I have not being able to reproduce this locally but I've asked my coworkers for a reproduction uasecase.

DonIsaac commented 1 week ago

@Raynos thanks for the details. I will start debugging this once I have a file I can reproduce on.

Raynos commented 1 week ago

one file that disappeared is workspaces/metrics-exporter/src/metadataQueue.ts when I hadn't touched anything in that workspace

coworker mentioned a file was truncated in a directory he has not touched on his branch.

Raynos commented 1 week ago

and it's flaky hard to reproduce.

Raynos commented 1 week ago

Happened to me too, it randomly deleted

workspaces/pipeline/src/memo/ram-memo.ts
Raynos commented 1 week ago

I'm running it in a loop and it deleted 5/6 random files :(

Raynos commented 1 week ago

https://github.com/PabloSzx/graphql-ez/tree/jake/reproduction

And

$ while true ; do npm run lint:fix ; done

Will reproduce it ; you should run pnpm install in this repo as its pnpm; not npm.

DonIsaac commented 1 week ago

@Raynos what OS are you and your colleagues using?

DonIsaac commented 1 week ago

...and is this how you guys run oxlint??

DonIsaac commented 1 week ago

Tl;Dr

This was weird. I think I found a way to make this stop happening, but I could not figure out or solve the underlying issue. Either way, I'll have a PR out after I finish writing this out.

Longer Version

So this bug was weird. My initial thought was "oh, maybe a deletion fix is getting applied to the whole file, or there's a bug in the fix merging or something". So I added an assertion after the new source file has been built.

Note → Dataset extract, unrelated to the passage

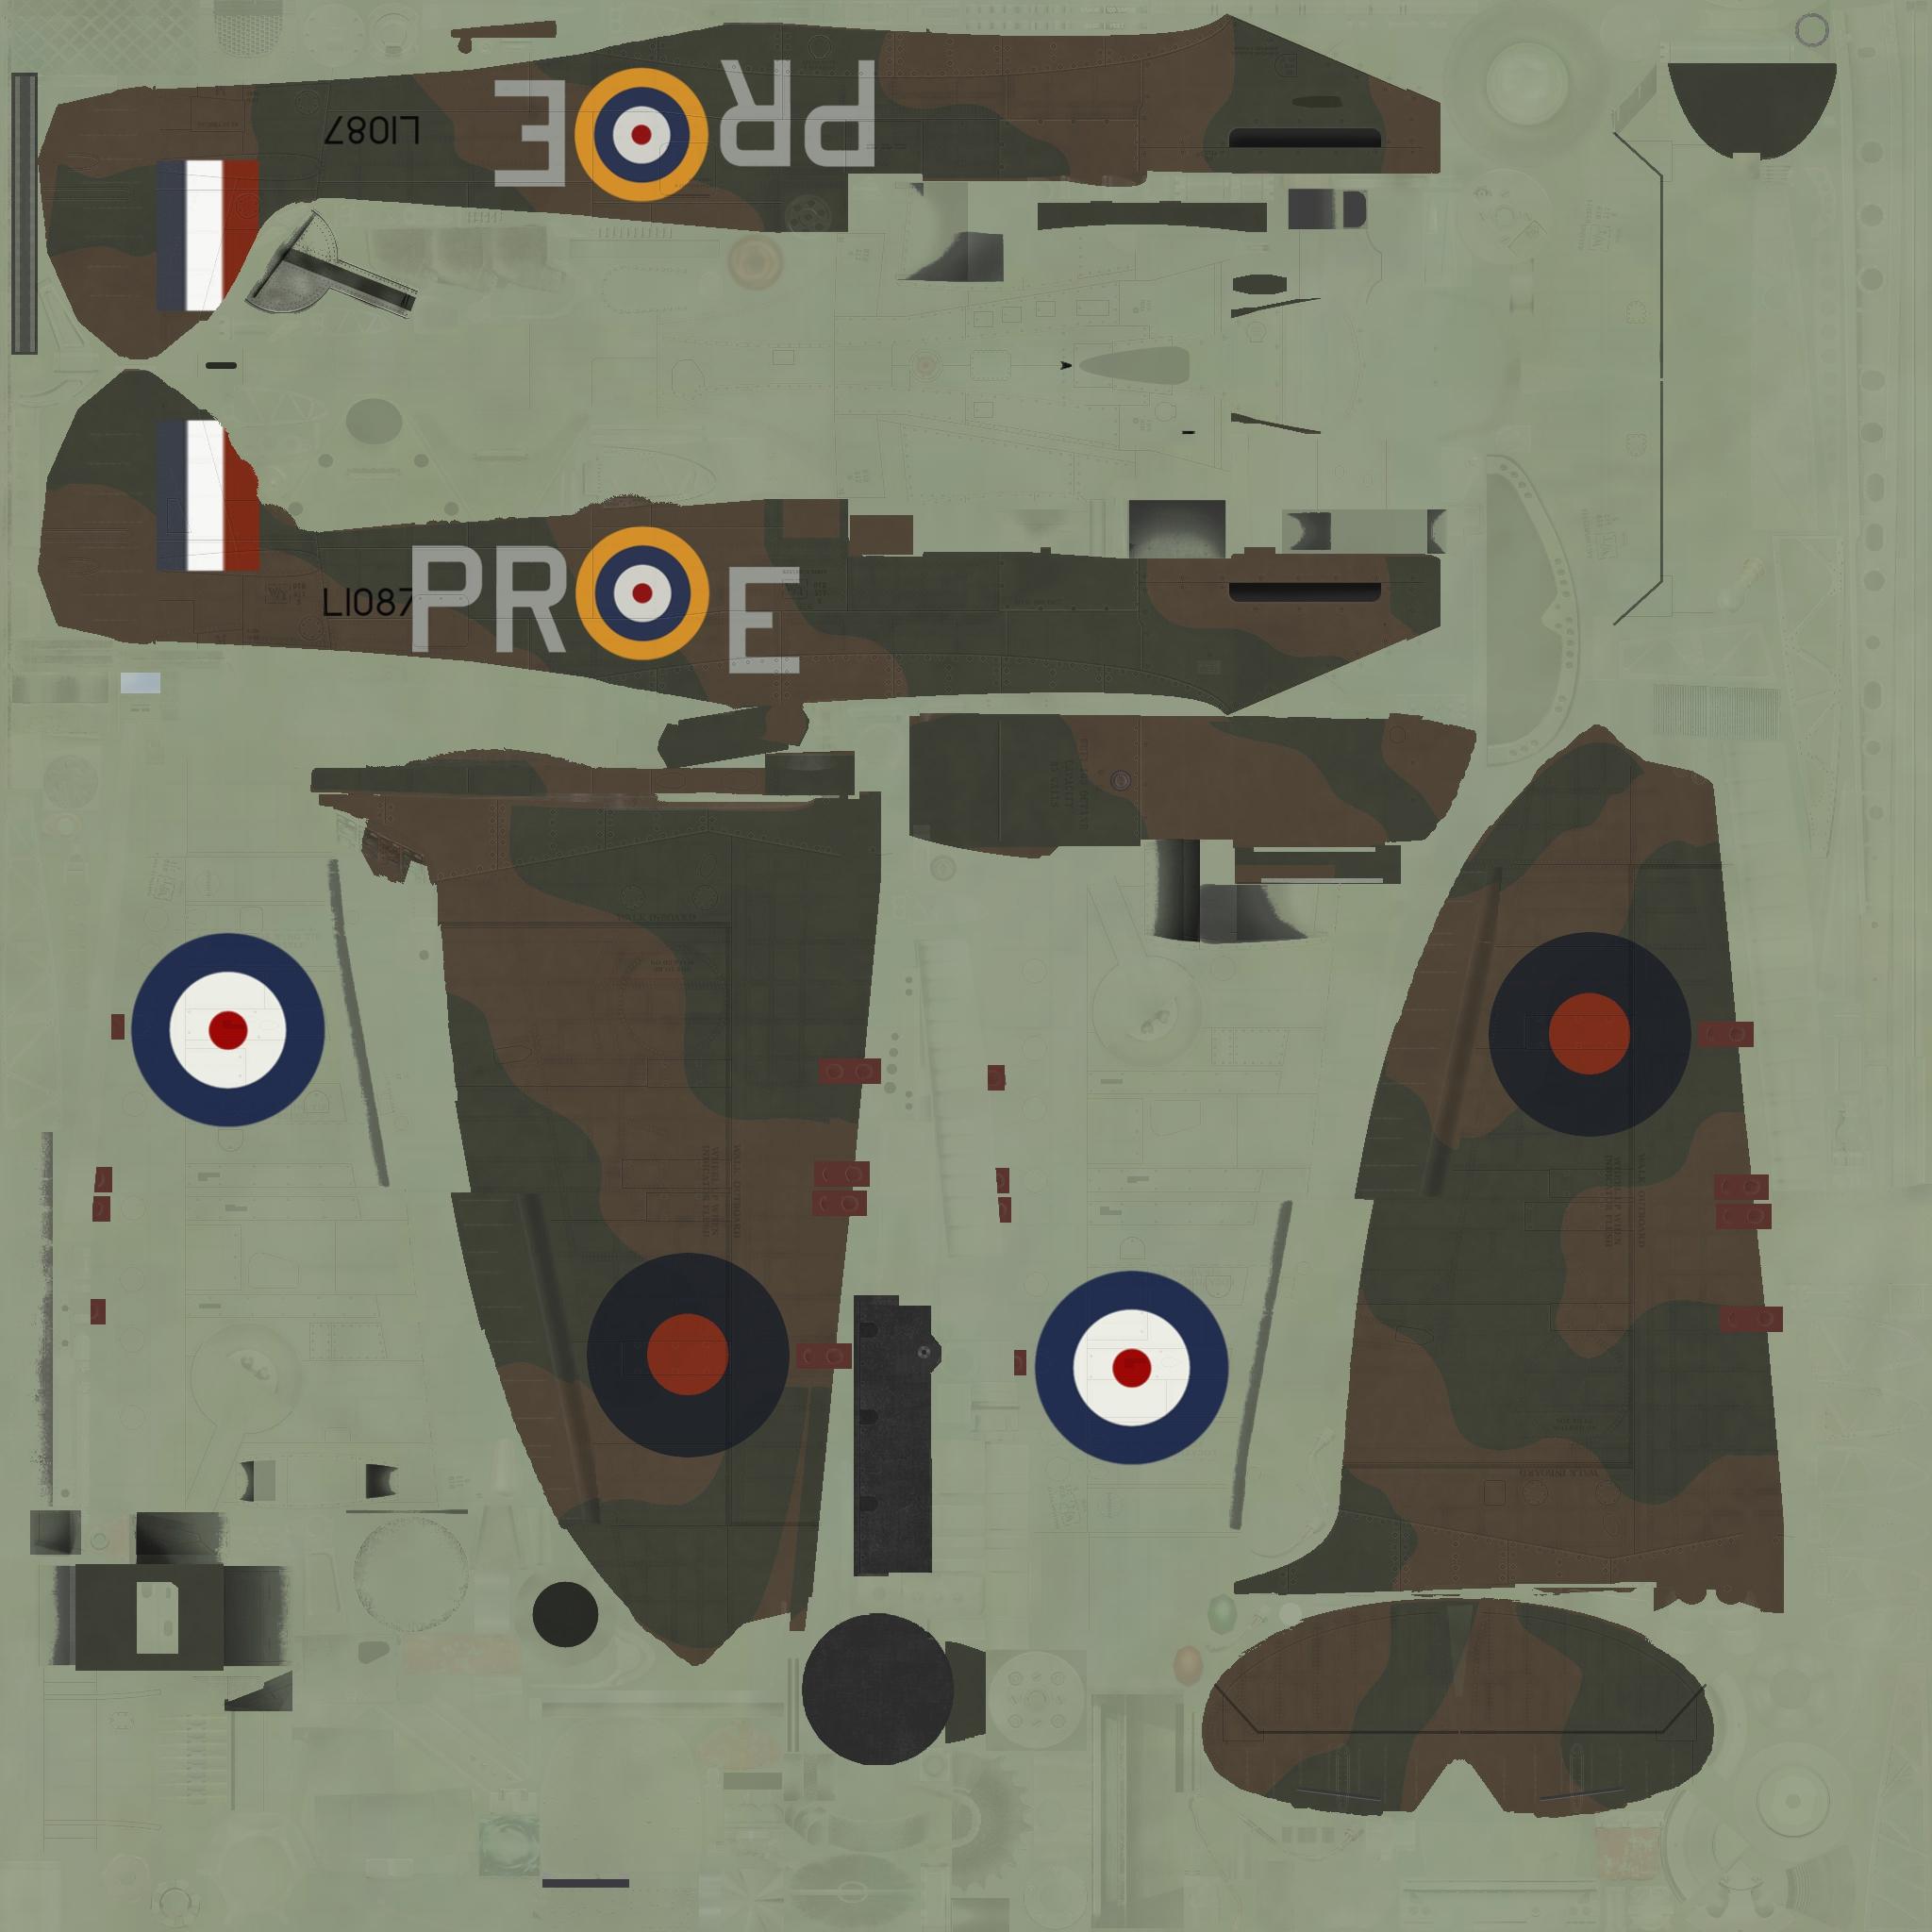 COD C6 MkI RAF 609Sqn PRE L1087 Middle Wallop 1940

// oxc_linter/src/service.rs line 268
let fix_result = Fixer::new(source_text, messages).fix();
assert(!fix_result.fixed_code.is_empty();

The assertion never panicked, and files kept getting deleted. What gives?

My next thought is that maybe something isn't getting flushed somewhere. So I replaced the line that writes the fixed source

// before
fs::write(path, fix_result.fixed_code.as_bytes()).unwrap()

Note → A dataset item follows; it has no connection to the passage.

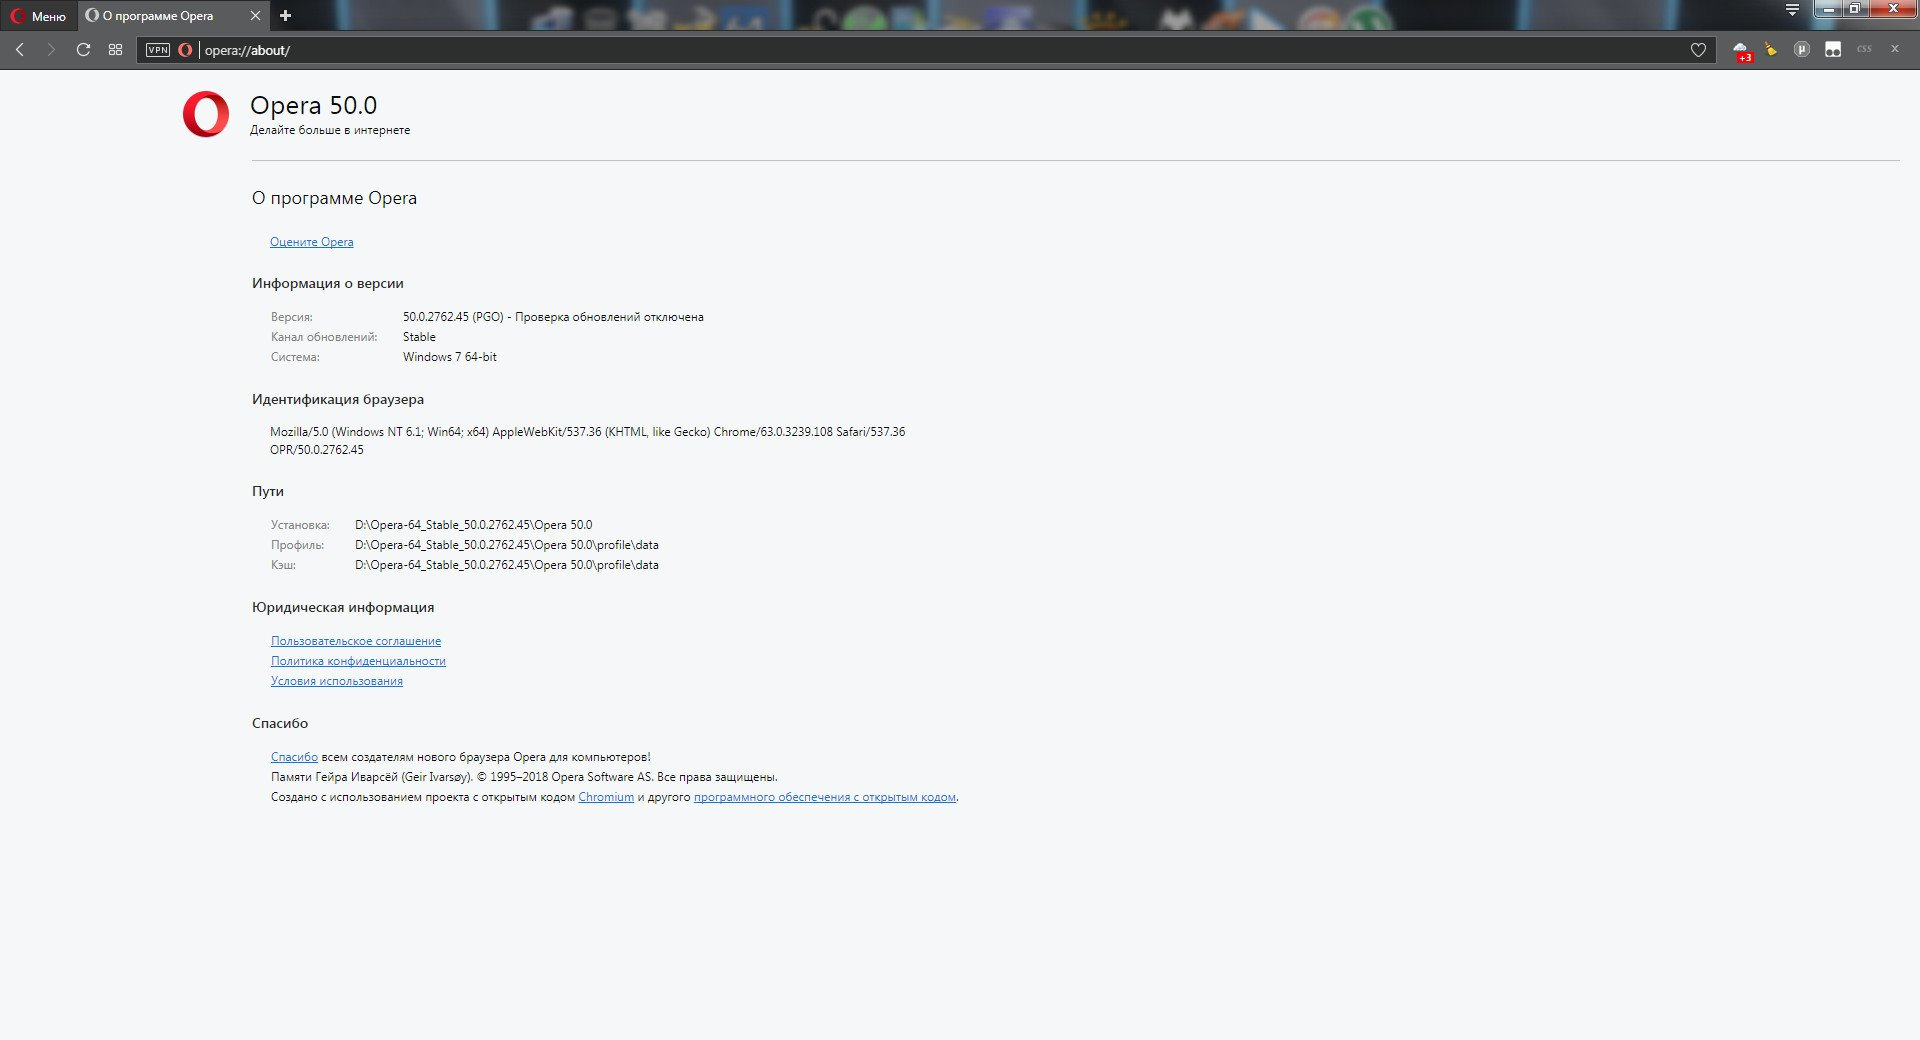 Opera 50.0.2762.67 Stable (2018) РС

With something that forces a blocking write-through to disk, using man 2 fsync

let mut file = File::create(path).unwrap();
file.write_all(fix_result.fixed_code.as_bytes()).unwrap();
file.flush().unwrap(); // for good measure
file.sync_all().unwrap();

When I tried that, oxlint went from 20m to 200ms, but still files kept getting deleted. And here is where I got confused.

This lead me down a rabbit hole of the weirdness and brokenness of close, especially in Rust, where close will silently fail (for example, if a system interrupt is sent while you're trying to close).

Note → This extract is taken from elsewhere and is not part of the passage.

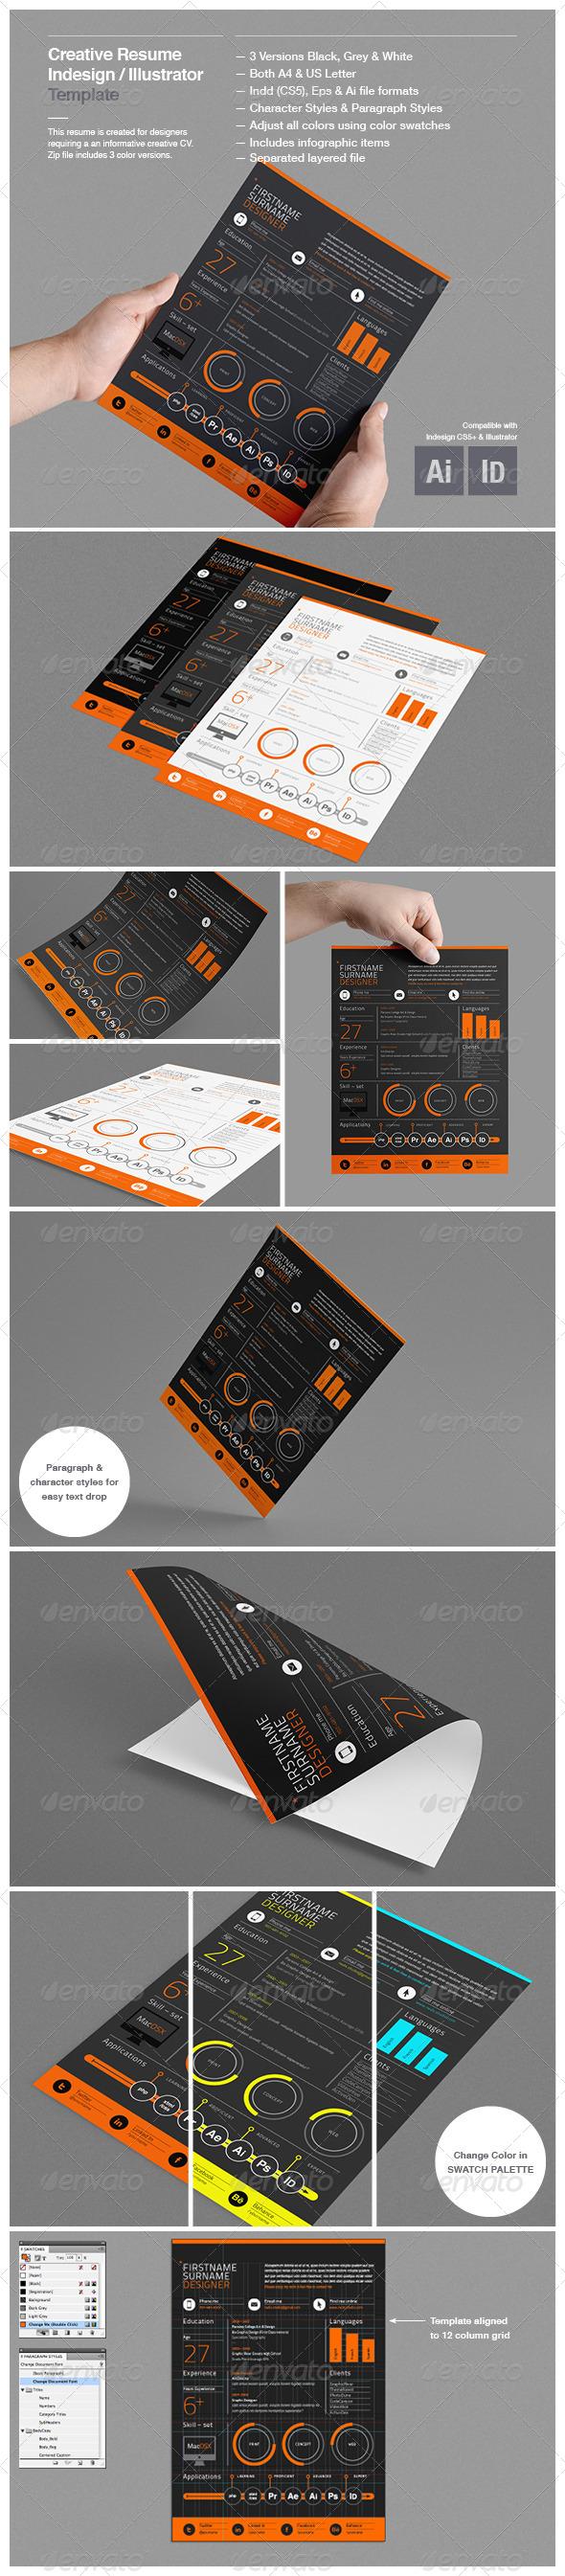 GraphicRiver Creative Resume Template 4325670

So what if we closed it ourselves?

unsafe {
  let exit = libc::close(file.into_raw_fd());
  assert_eq!(exit, 0);
}

And you know what? THAT DIDN'T WORK EITHER! can you tell this is driving me a little mad?

Finally, thankfully, I found a workable solution. It does not address any of the above-mentioned issues or weirdness, but it should work. Basically, the lint Runtime is always writing fixed content, _even if no fixes have been applied. This basically means that if you have --fix set, all files will have their content re-written whether or not any changes were actually made. This seems to solve the problem.

Sorry for the long reply, that was 2 hours of my life and I had to get it off my chest.

Raynos commented 1 week ago

@Raynos what OS are you and your colleagues using?

Mostly macintosh / macbooks, maybe one ubuntu linux user.

We don't run oxlint in a loop but yes the npm run lint:fix command is what we are running.

Raynos commented 1 week ago

I used the loop example to eventually reproduce the flaky behavior of file truncation.

Raynos commented 1 week ago

So i'm curious what happens if you do apply the fix to all files, but at the end of the program, instead of exiting the cli, you sleep for 10milliseconds.

Whether that will stop the behavior of empty buffer being written to the files.

Like is the problem here that writing the same content to the file plus flaky close behavior plus an efficient binary that at the end of the program writes to all the files, writes to stdout and exits the process cleanly leaves some file descriptors in a nonflushed / bad state.

Do you think your fix of not writing to the file if no fixes were applied will cause this bug frequency to go from "1 in 10 runs" to "1 in 10,000 runs" ?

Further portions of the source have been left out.